Tristano fue acaparado por ellos, no salió ni un momento durante la noche y aprovechando la ausencia temporal de su marido, entretenido fuera de la sala por cardenales y políticos, se atrevió a invitar a la dama a una bassadanza.

Ella, desde el período milanés, estaba acostumbrada a practicar diversas actividades, también consideradas inconvenientes para su sexo y para su rango: era una hábil cazadora, tenía una verdadera pasión por las armas y una marcada propensión al mando heredada de su madre, le encantaba probar su mano en los experimentos de botánica y alquimia. Era una temeraria y amaba a los temerarios.

Aunque tenía los ojos de todos en ella, no pudo negarse.



"Me encanta la escultura griega de Policleto y Fidias. ¿Y a usted, mi señora? "Tristano le preguntó mientras los movimientos de baile permitían que su boca se acercara a su oreja.

"Sí, es sublime. A mí también me encanta", respondió Caterina sonriendo.

"¿Ha presenciado la colección de arte del Palacio Orsini? Hay cuerpos de mármol hercúleos que no tienen precio", añadió el atrevido caballero.

"Oh", la noble dama fingió estar asombrada y disgustada, "me imagino… Usted también, señor, debería ver las pinturas de mi Melozzo, que guardo celosamente en mi palacio", respondió voluptuosamente antes de que el final de la pieza musical los separara.


Durante el resto de la noche la refinada dama de la casa ignoró las atenciones del joven seductor que, por el contrario, no podía ver y oler nada más que el brillo y el olor de aquella piel que apenas había tocado.

La cena terminó y uno tras otro los comensales abandonaron el exitoso banquete.

Tristano ya estaba en el patio cuando una le fue entregada una nota en un papel doblado…

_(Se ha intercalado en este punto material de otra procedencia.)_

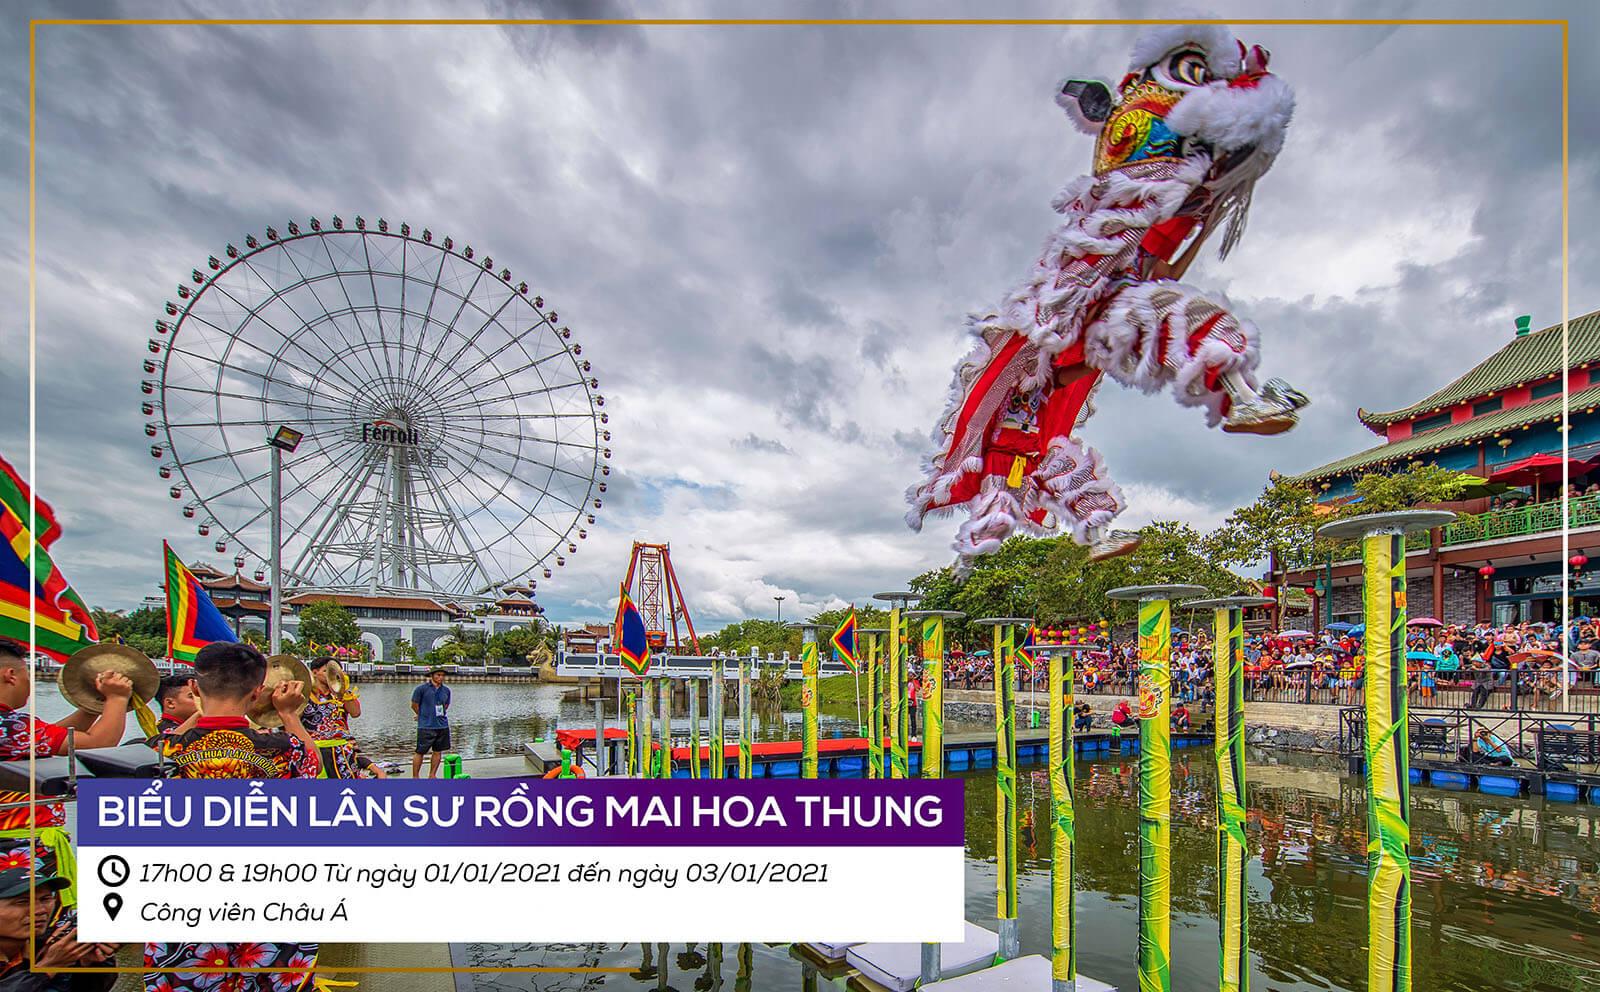 Le Hoi Da Nang Chao Nam Moi 2021 Bieu Dien Lan Su Rong

"Las obras de mi Melozzo están en la logia del piso principal".

Y así como no podía rechazar la invitación del hijo del Papa, tampoco podía rechazar la de su estimada nuera. Volvió a entrar y siguió a la sirvienta al piso de arriba, donde esperó con impaciencia el momento en que Caterina pudiera finalmente soltarse su larga cabellera rubia, bajo la cual descubriría la intensidad de sus labios, de color escarlata, así como las heridas de los innumerables sufrimientos que había sufrido.

Caterina tenía una psiquis compleja… y la complejidad de la psiquis de una mujer es algo que un buen seductor puede observar mejor en dos situaciones muy particulares: en el juego y entre las sábanas.

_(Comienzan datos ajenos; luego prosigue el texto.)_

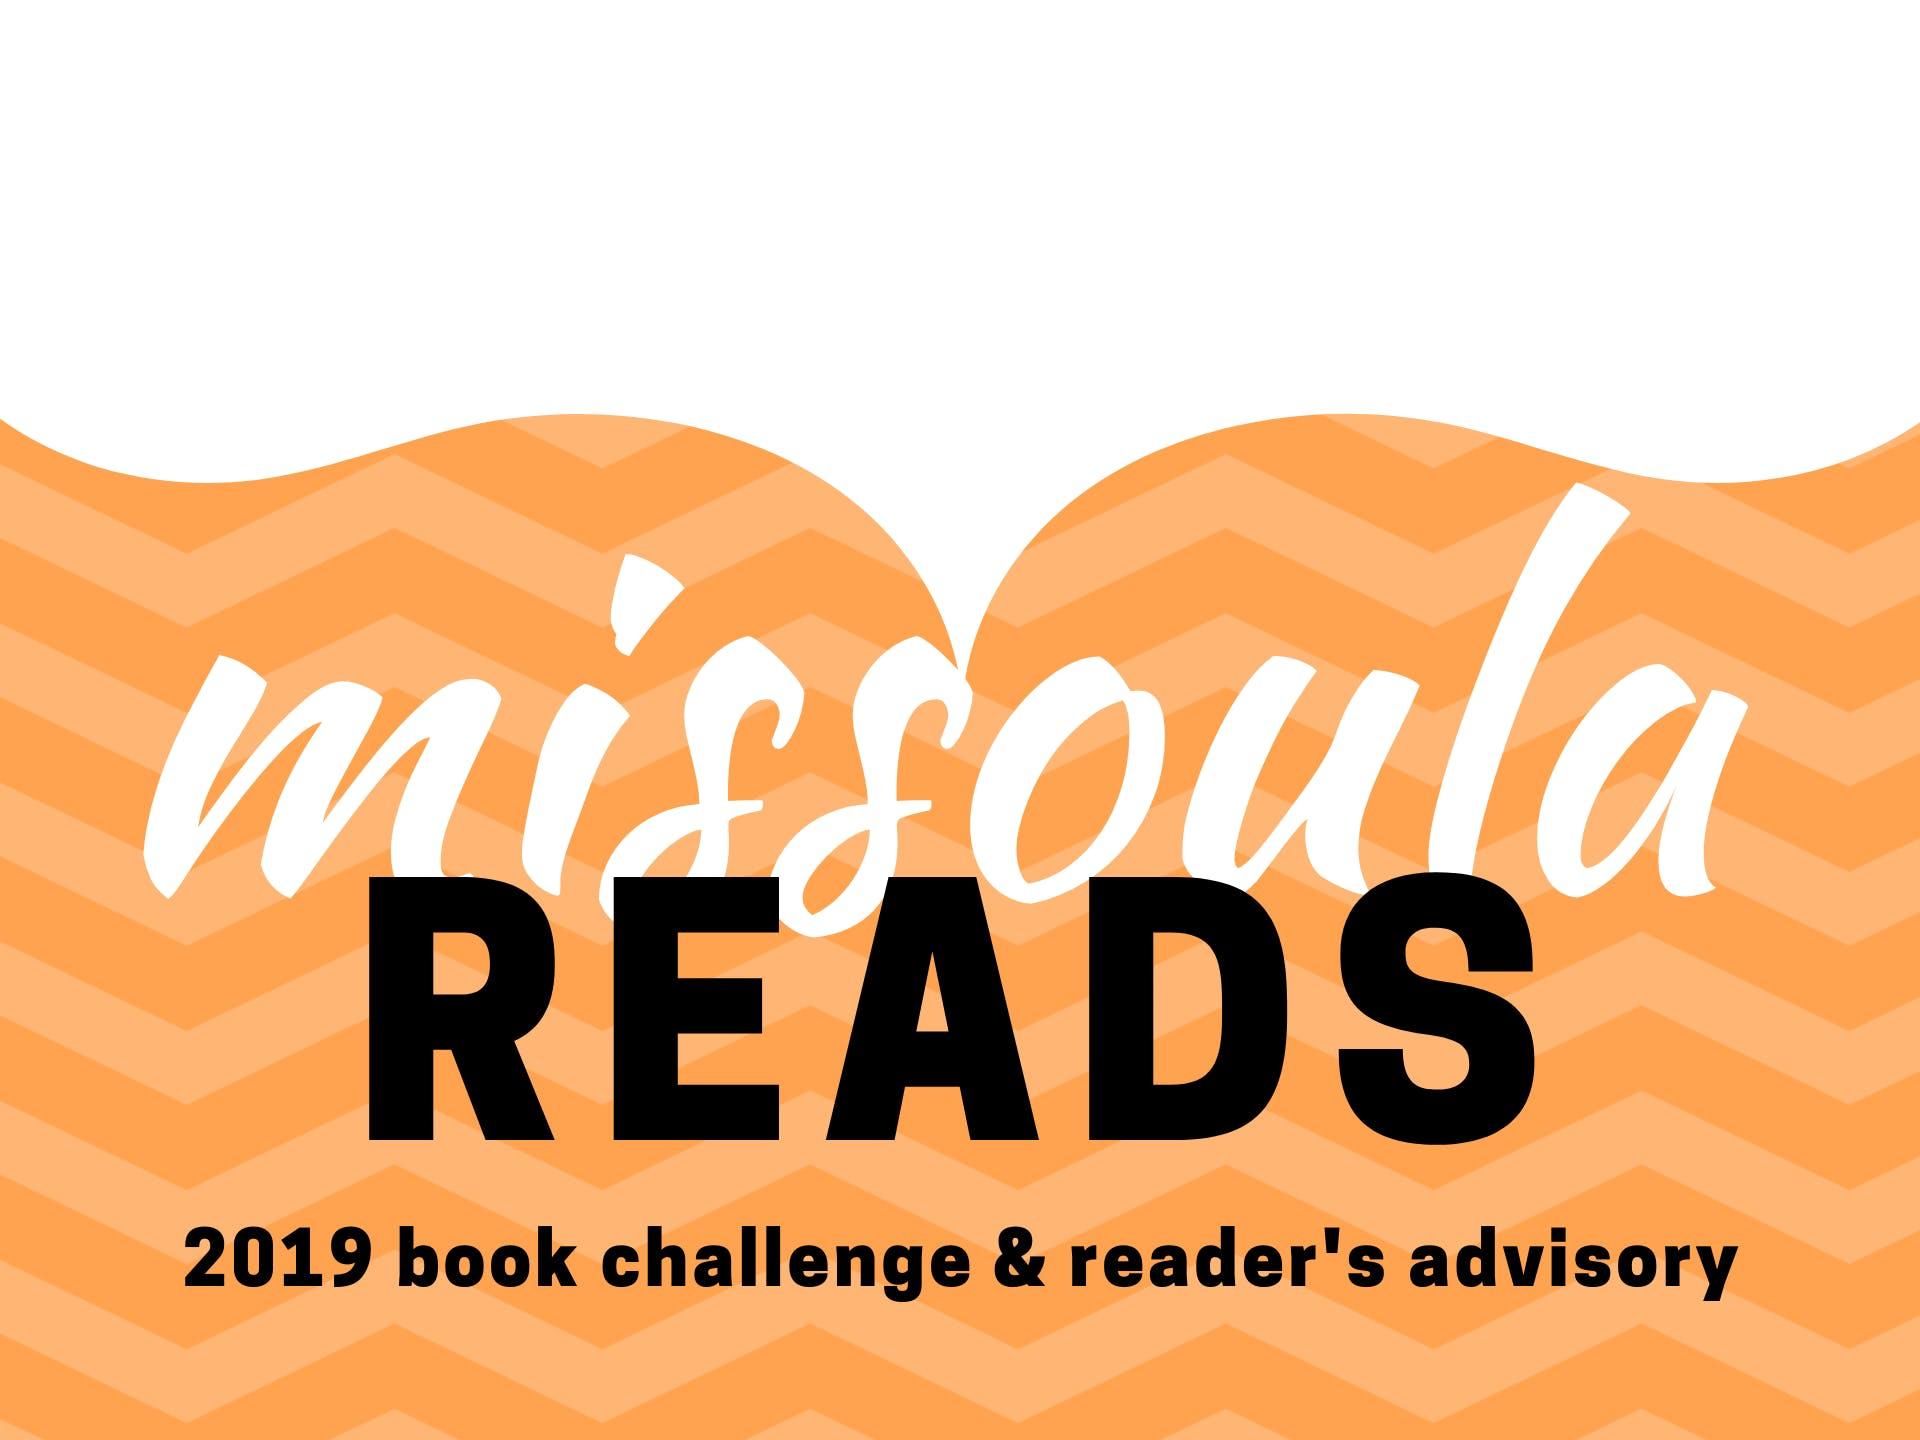 2019 Missoula Reads year-long reading challenge

Hasta el amanecer del nuevo día no se perdonó a sí misma, ni siquiera cuando entre lágrimas le confió a Tristano la violencia que había sufrido desde niña.

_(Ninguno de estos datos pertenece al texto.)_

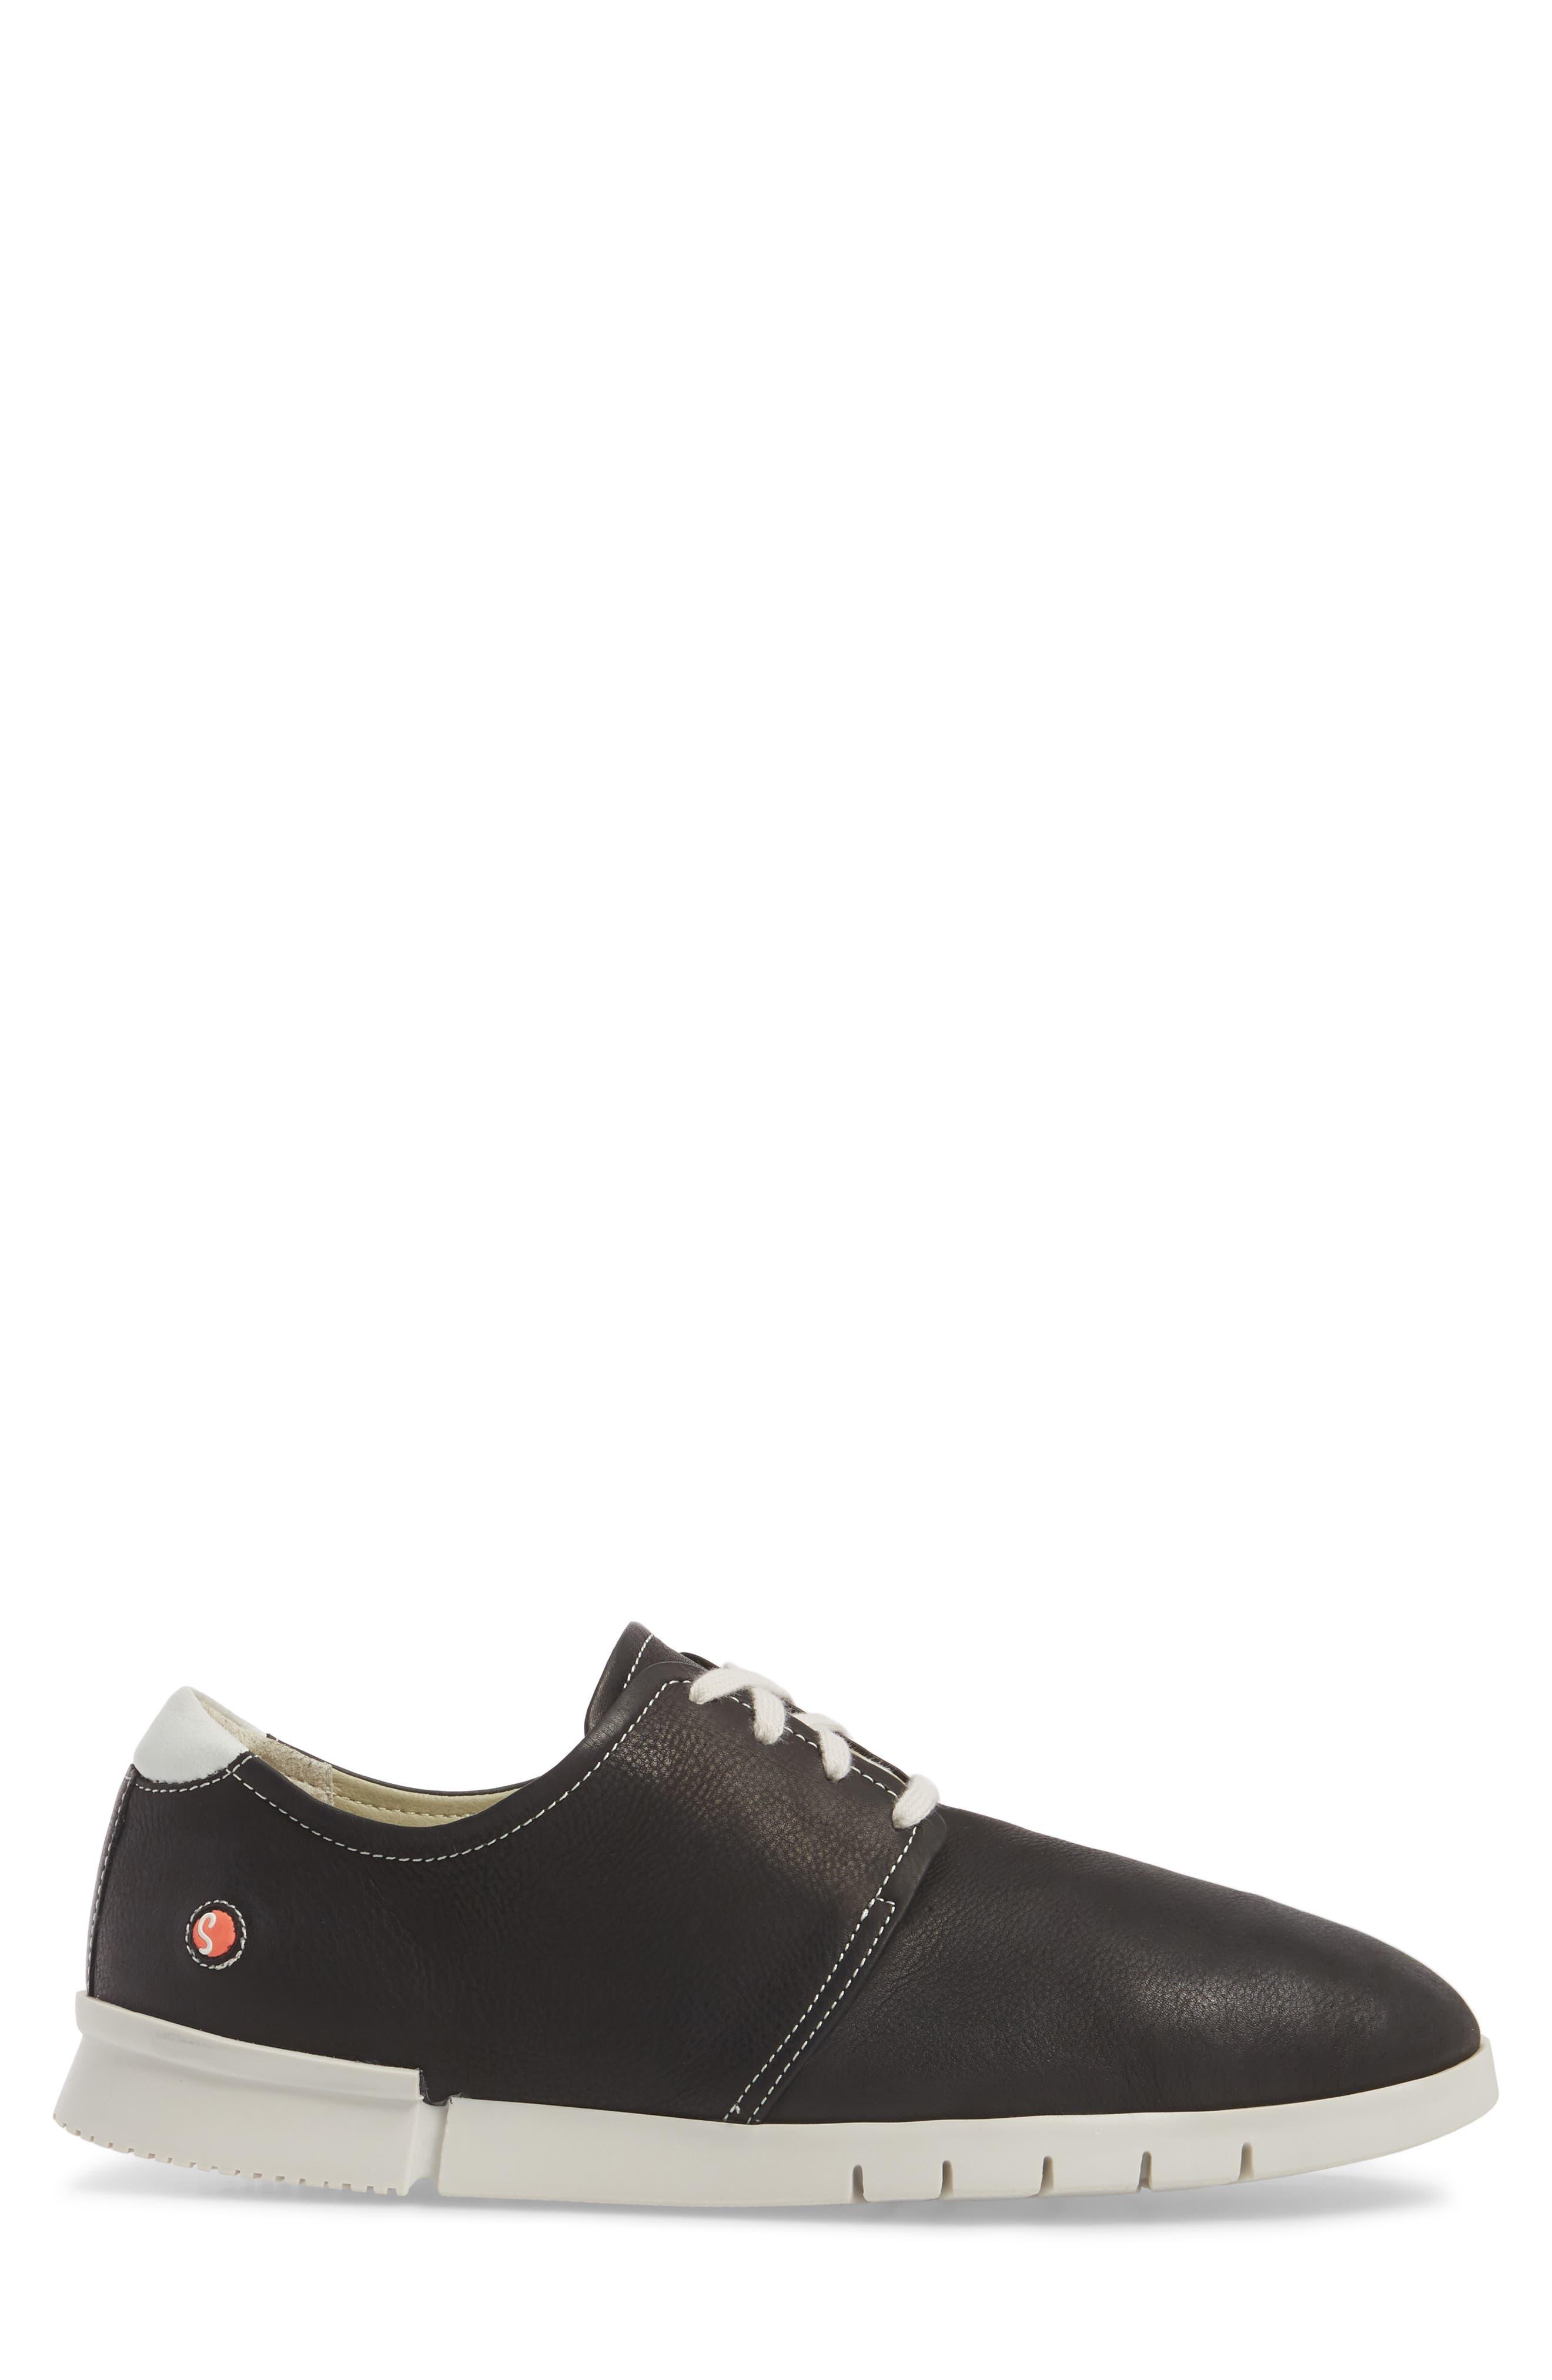 Alternate Image 3  - Softinos by Fly London Cap Low Top Sneaker (Men)

"A veces los secretos sólo pueden ser confiados a un extraño", dijo. Inmediatamente después comenzó su conmovedora historia:

"Yo no era la prometida de Girolamo Riario, pero todo estaba arreglado para que mi prima Costanza, que entonces tenía once años, se uniera ante Dios y los hombres con ese animal rabioso. Sin embargo, en la víspera de la boda, mi tía, Gabriella Gonzaga, exigió que la consumación de la unión legítima tuviera lugar sólo después de tres años, cuando la pequeña Costanza hubiese alcanzado la edad legal. Ante esta condición, Girolamo, furioso, anuló el matrimonio y amenazó con terribles repercusiones para toda la familia por la grave vergüenza sufrida. Así fue que, como se hace con un anillo astillado, mis parientes me sustituyeron por la prima rechazado, consintiendo todas las demandas del despótico novio. Sólo tenía diez años".


Tristano, aturdido, sintió que sólo podía abrazarla fuertemente y secar las lágrimas que caían por su rostro.




VI

El Asedio de Otranto



Ahmet Pascià y la liga contra los turcos

Después de unos días, habiendo ultimado los últimos detalles, según lo establecido, el incansable funcionario pontificio partió hacia Nápoles.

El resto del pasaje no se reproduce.